A panel hosted by Paul Osterman, co-director of the MIT Sloan Institute for Work and Employment Research and an MIT Sloan professor, explored how labor markets are changing in the face of technological innovations. Panelist Jacob Hsu is CEO of Catalyte, which uses an AI-powered assessment test to predict a candidate’s ability to succeed as a software engineer, and hires and trains those who are most successful. Many of their employees don’t have four-year degrees, and their ages range from anywhere from 17 to 72.
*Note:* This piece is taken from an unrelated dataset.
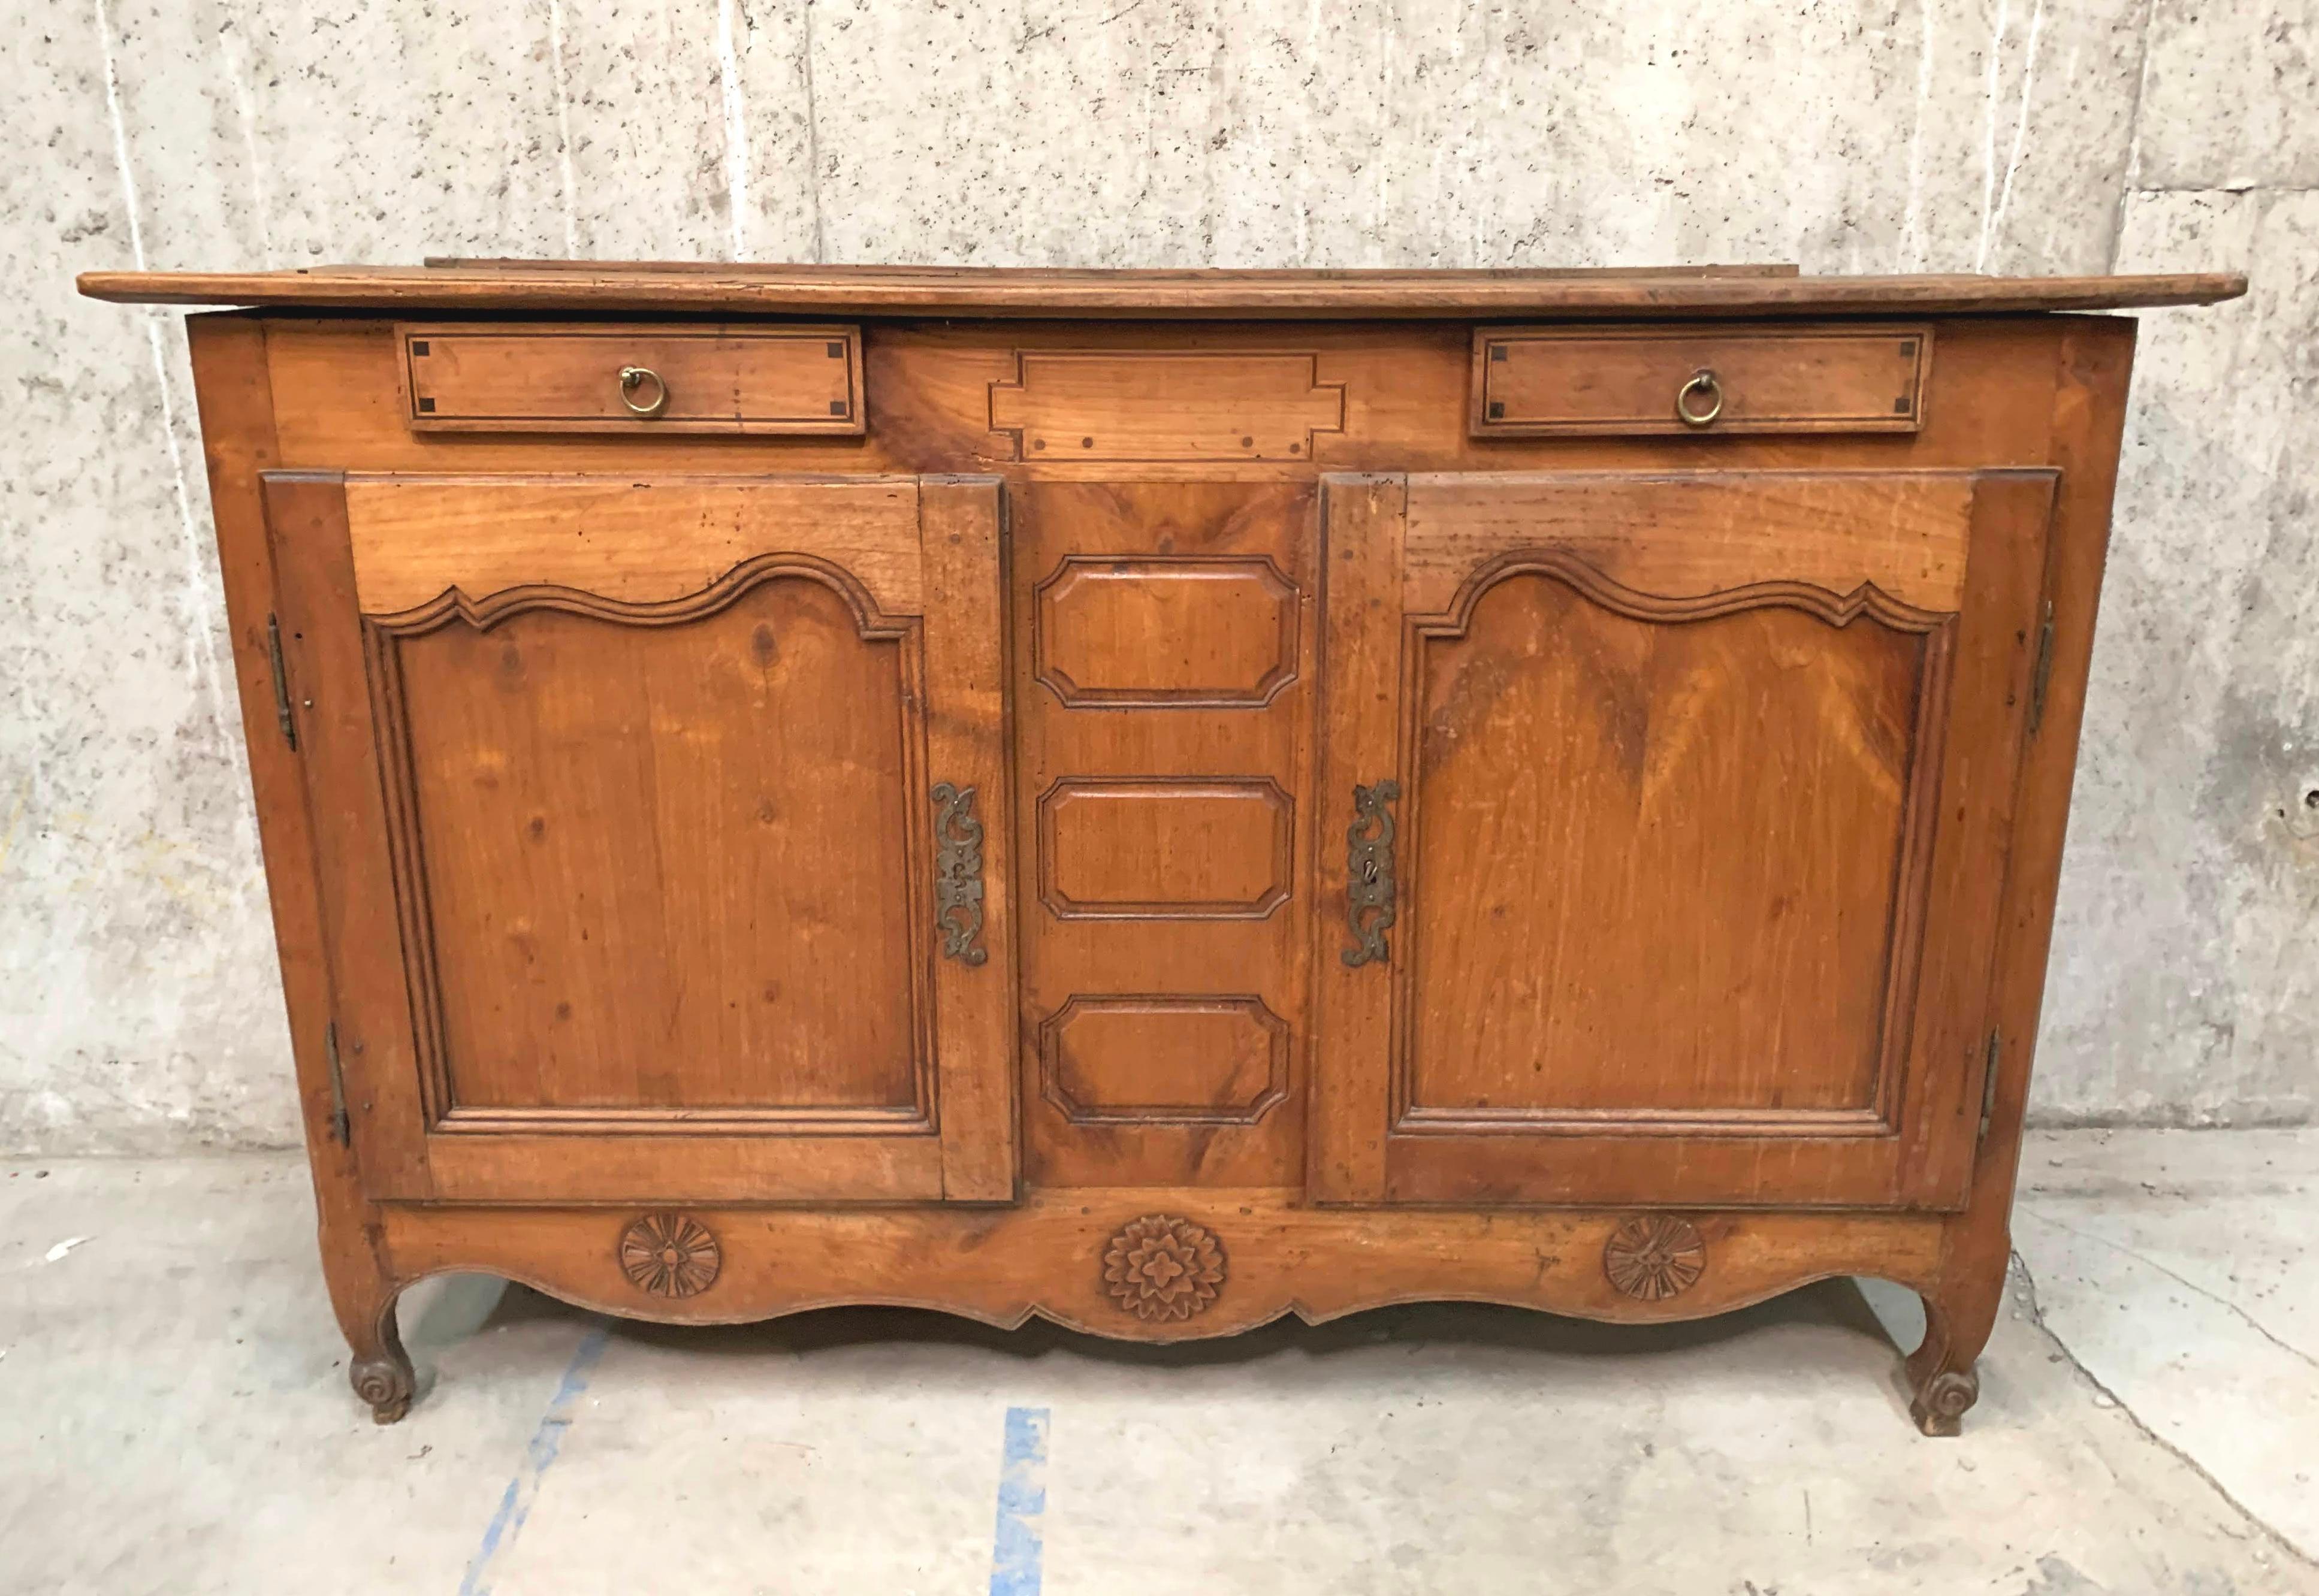 Antique French Tall Cherrywood Shallow Depth Buffet With Dish Display In Good Condition For Sale In Sheridan, CO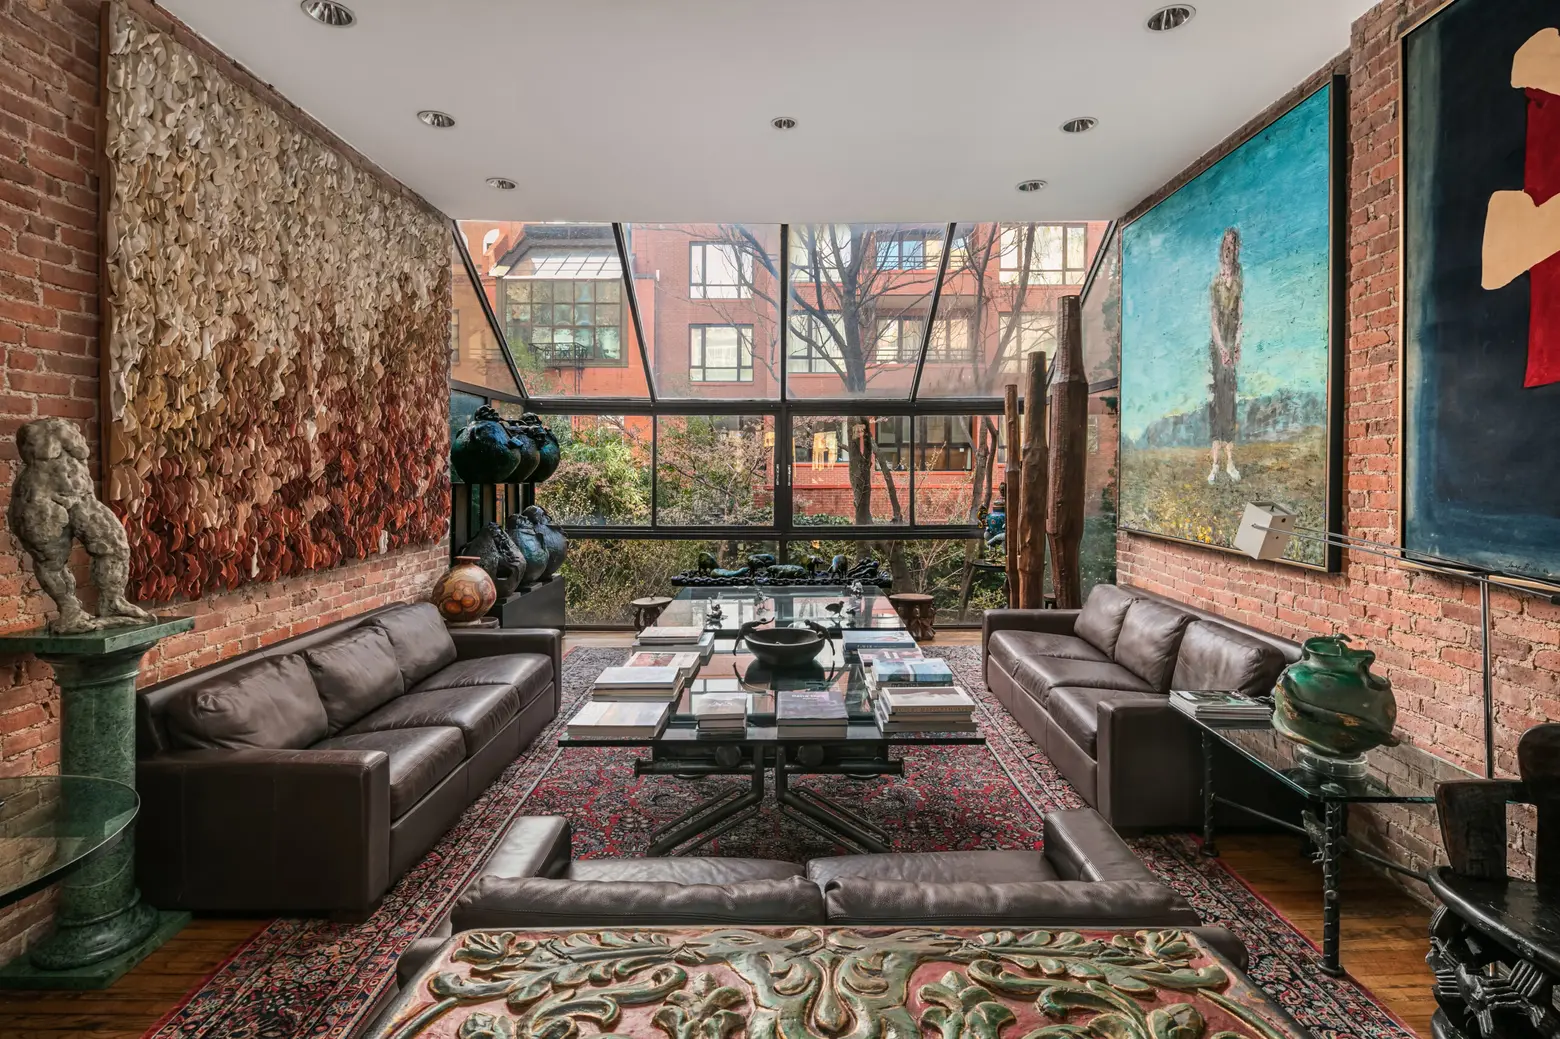 An international artist couple asks $38M for their art-filled UES townhouse–Rolls Royce included

A “media spotlight” session, in which journalists discussed their reporting on the impact of AI on the workplace and the world, included David Fanning, founder and producer of the investigative documentary series FRONTLINE, which recently ran a documentary titled “In the Era of AI.” Fanning briefly discussed how, during his investigations, he learned about the profound effect AI is having on workplaces in the developing world, which rely heavily on manual labor, such as manufacturing lines.
“What happens as automation expands, the manufacturing ladder that was opened to people in developing countries to work their way out of rural poverty — all that manufacturing gets replaced by machines,” Fanning said. “Will we end up across the world with people who have nowhere to go? Will they become the new economic migrants we have to deal with in the age of AI?”
Education: The great counterbalance
Elisabeth Reynolds, executive director for the MIT Task Force on the Work of the Future and of the MIT Industrial Performance Center, and Andrew McAfee, co-director of IDE and a principal research scientist at the MIT Sloan School of Management, closed out the conference and discussed next steps.
Reynolds said the MIT Task Force on the Work of the Future, over the next year, will further study how AI is being adopted, diffused, and implemented across the U.S., as well as issues of race and gender bias in AI. In closing, she charged the audience with helping tackle the issues: “I would challenge everybody here to say, ‘What on Monday morning is [our] organization doing in respect to this agenda?’”
In paraphrasing economist Robert Gordon, McAfee reemphasized the shifting nature of jobs in the era of AI: “We don’t have a job quantity problem, we have a job quality problem.”
AI may generate more jobs and company profits, but it may also have numerous negative effects on employees. Proper education and training are keys to ensuring the future workforce is paid well and enjoys a high quality of life, he said: “Tech progress, we’ve known for a long time, is an engine of inequality. The great counterbalancing force is education.”